The tunnel is so perfectly straight, that a person placed at one end, may discern a small light entering at the other extremity [...] On the opening of the tunnel, a small steam passage boat was employed for the conveyance of passengers from Gravesend to Rochester, and vice versa; but as it was found to injure the towing-path of the tunnel, as well as the banks of the canal, it was discontinued. Foot passengers, however, still pass to and fro, though some caution is necessary, to avoid coming into contact with the horse, or horses, towing the barges.
—Tallis Directory
1839
Sharing with the railway
From 1845 the newly built railway between Gravesend and Strood shared the tunnel with the canal, a single track resting partially on the towpath and partially on wooden stakes in the water.
The ride through the dreary tunnel with the dark waters of the canal beneath us, and an insecure chalk roof above our heads, enlivened as it is by occasional shrieks from the engine's vaporous lungs, and the unceasing rattle of the train, is apt to make one feel somewhat nervous; and the first glimpse of bright daylight that breaks upon us, relieves us from a natural anxiety as to the chances we run of being crushed by the fall of some twenty tons of chalk from above, or being precipitated into twenty feet of water beneath, with the doors of the carriages locked and no "Nautilus belt" around our waists and not even a child's caul in our pocket. This relief is however temporary, for the light only breaks in through a gap in the tunnel, and some more experienced traveller informs us we are only half out of it. However, our journey is brought to a close without any accident: and we embark on the steamer that is to deposit us at Chatham.
—William Orr, 1847
In 1846 the canal company sold the tunnel to the South Eastern Railway company, which filled the canal and laid a double railway track over it. This was part of the North Kent Line. The canal towing contractor's home was converted into the ticket office for Higham railway station.
Orr's fears of a chalk fall, however, were not unfounded. Over the years, there have been many roof falls, most small. But in December 1999 a fall near Strood derailed a train, fortunately without causing serious injuries (but leaving a hole in the ground in an orchard). Some 60% of the tunnel had by this date been lined: in 2004 it was closed to line the remainder and renew the track, reopening a year later on 17 January 2005.
1846 to today
The remainder of the canal, between Higham and Gravesend, continued to be used until 1934. It suffered bomb damage during World War II, and some areas have been back-filled or are choked with reed growth. The Strood canal basin, long orphaned by the loss of the tunnel, was back-filled in 1986 and has now been built over.
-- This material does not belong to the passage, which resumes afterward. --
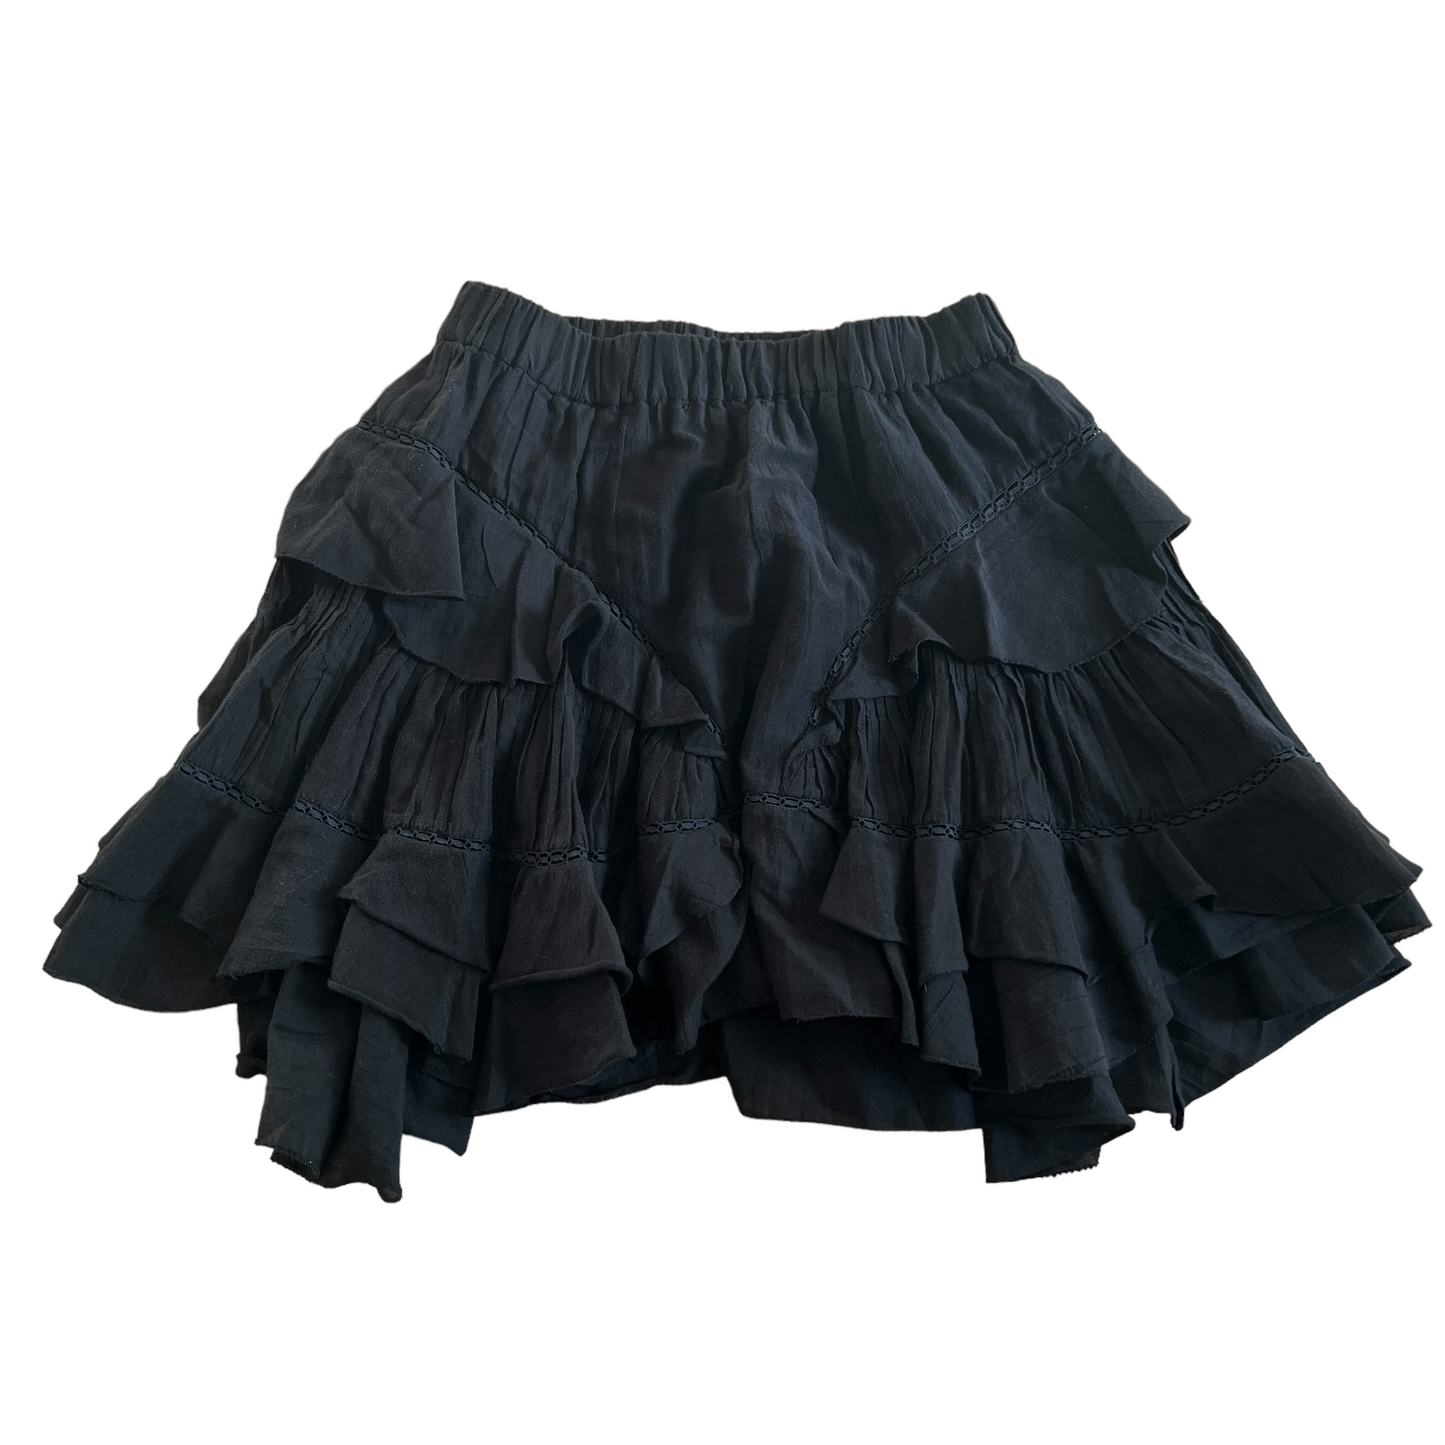 Black Ruffled Skirt - S/M
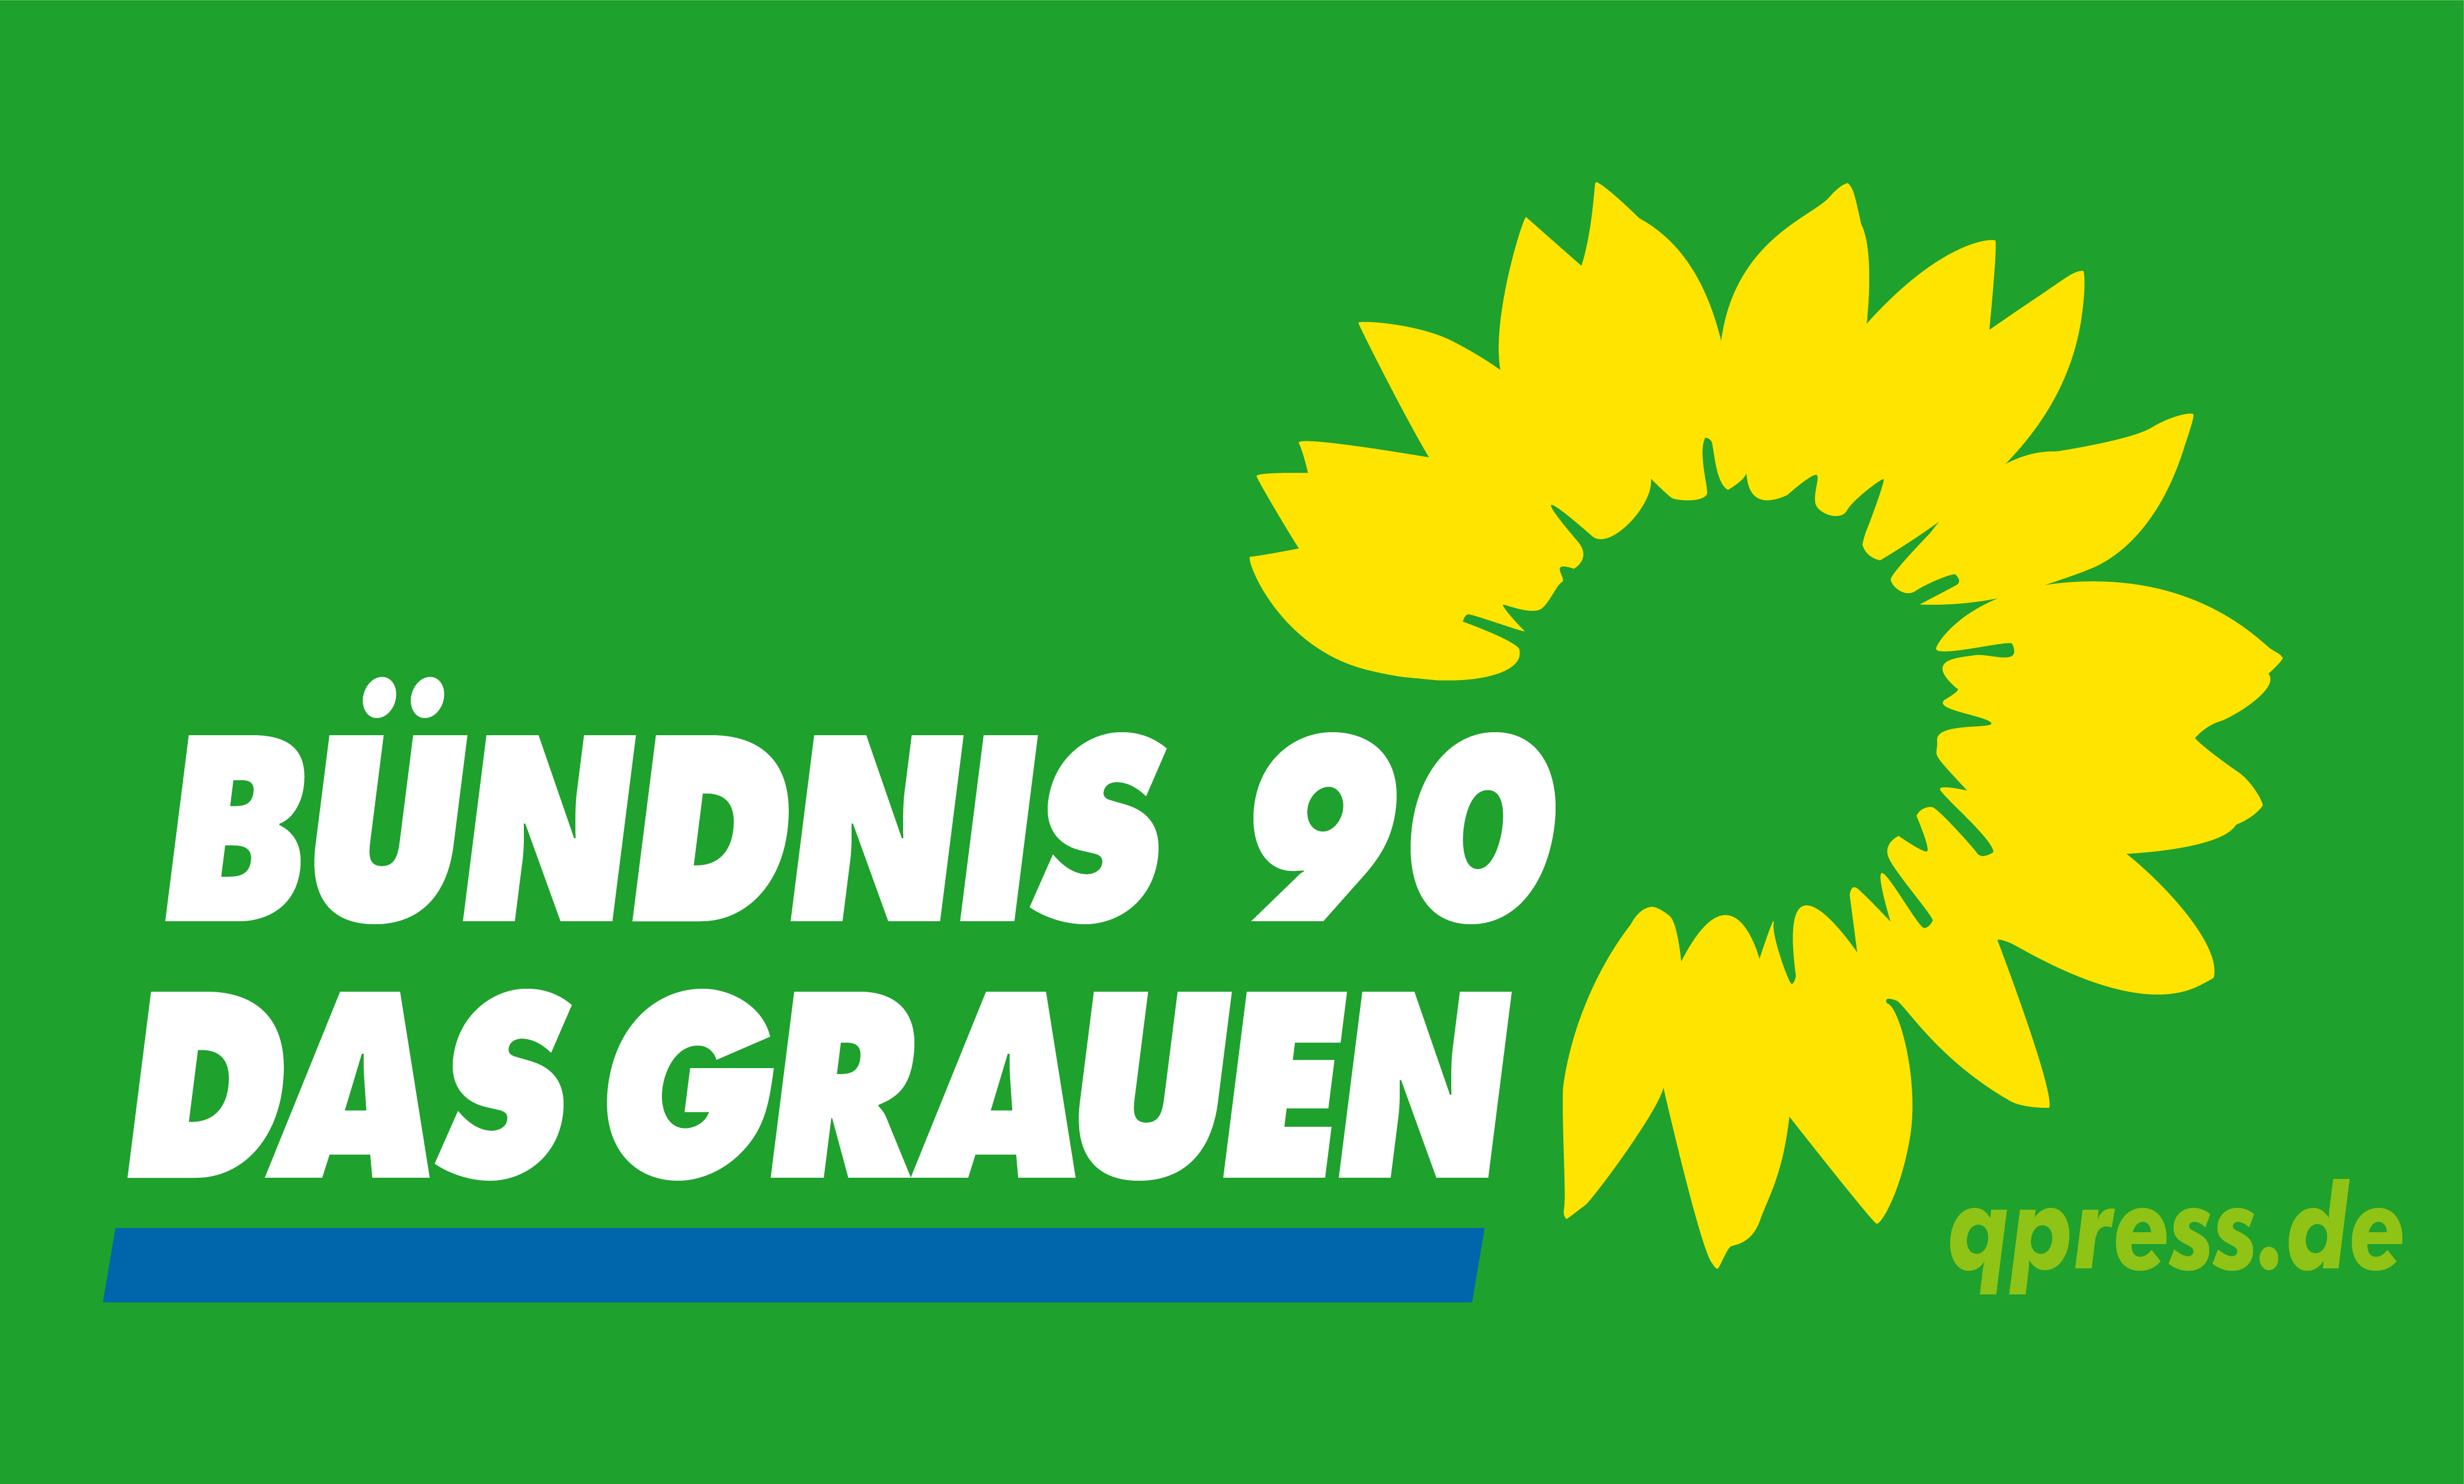 Die Grünen Logo : Logos | Presse | Bündnis 90/Die Grünen im Landtag

Since 1976 the canal has been in the hands of the Thames & Medway Canal Association (TMCA), which has dredged some areas. British Rail restored one of the swing bridges. The towpath has recently been renovated for use by pedestrians and cyclists. It now forms part of Route 1 of the National Cycle Network from Dover to John o' Groats. For walkers, it forms part of circular walks linked to the Saxon Shore Way.
There are now plans to fully renovate the canal and make it a focal point of development in Gravesend, to benefit the town while meeting the Thames Gateway project's demands for house-building. In October 2004, the Gravesend canal basin was dredged, after which the lock gates into the Thames were renovated, enabling the basin to be used by boats from the river. The line of the canal has been protected from development since 1992.